Seattle, Washington. | Flickr - Photo Sharing!


----------



## pbelarge (Sep 9, 2010)

This is a really nice photo.  I see you mention HDR, I am curious if it is more than one image - meaning an HDR of several images stitched?

Which lens did you use?


----------



## Private Joker (Sep 9, 2010)

pbelarge said:


> This is a really nice photo.  I see you mention HDR, I am curious if it is more than one image - meaning an HDR of several images stitched?
> 
> Which lens did you use?



Thanks, Pbelarge! Yes sir, it is comprised of four raw images, processed using Photomatix and Lightroom. I used my 50mm prime for this shot.


----------



## pbelarge (Sep 9, 2010)

Thanks for the info.

Sorry for the questions...did you use a tripod?


----------



## Private Joker (Sep 9, 2010)

pbelarge said:


> Thanks for the info.
> 
> Sorry for the questions...did you use a tripod?

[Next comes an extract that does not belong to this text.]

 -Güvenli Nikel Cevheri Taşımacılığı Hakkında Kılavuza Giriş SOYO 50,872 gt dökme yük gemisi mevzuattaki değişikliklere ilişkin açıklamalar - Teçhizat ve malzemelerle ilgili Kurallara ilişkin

Not a problem! Yeah, I did. It would be nearly impossible without.


----------



## Bynx (Sep 9, 2010)

Great shot. It really shows that all big cities are really quite small. A night shot from the same spot would be ideal as a follow up.


----------



## Private Joker (Sep 9, 2010)

Bynx said:


> Great shot. It really shows that all big cities are really quite small. A night shot from the same spot would be ideal as a follow up.



Thanks, Bynx! Hmmm, that just might happen tonight. Haha, we'll see.


----------



## gregg_UCT (Sep 13, 2010)

Very cool HDR photo.

- Gregg


----------



## Infinite28 (Sep 13, 2010)

Hey looks really awesome. Im still waiting on my first attempt at HDR


----------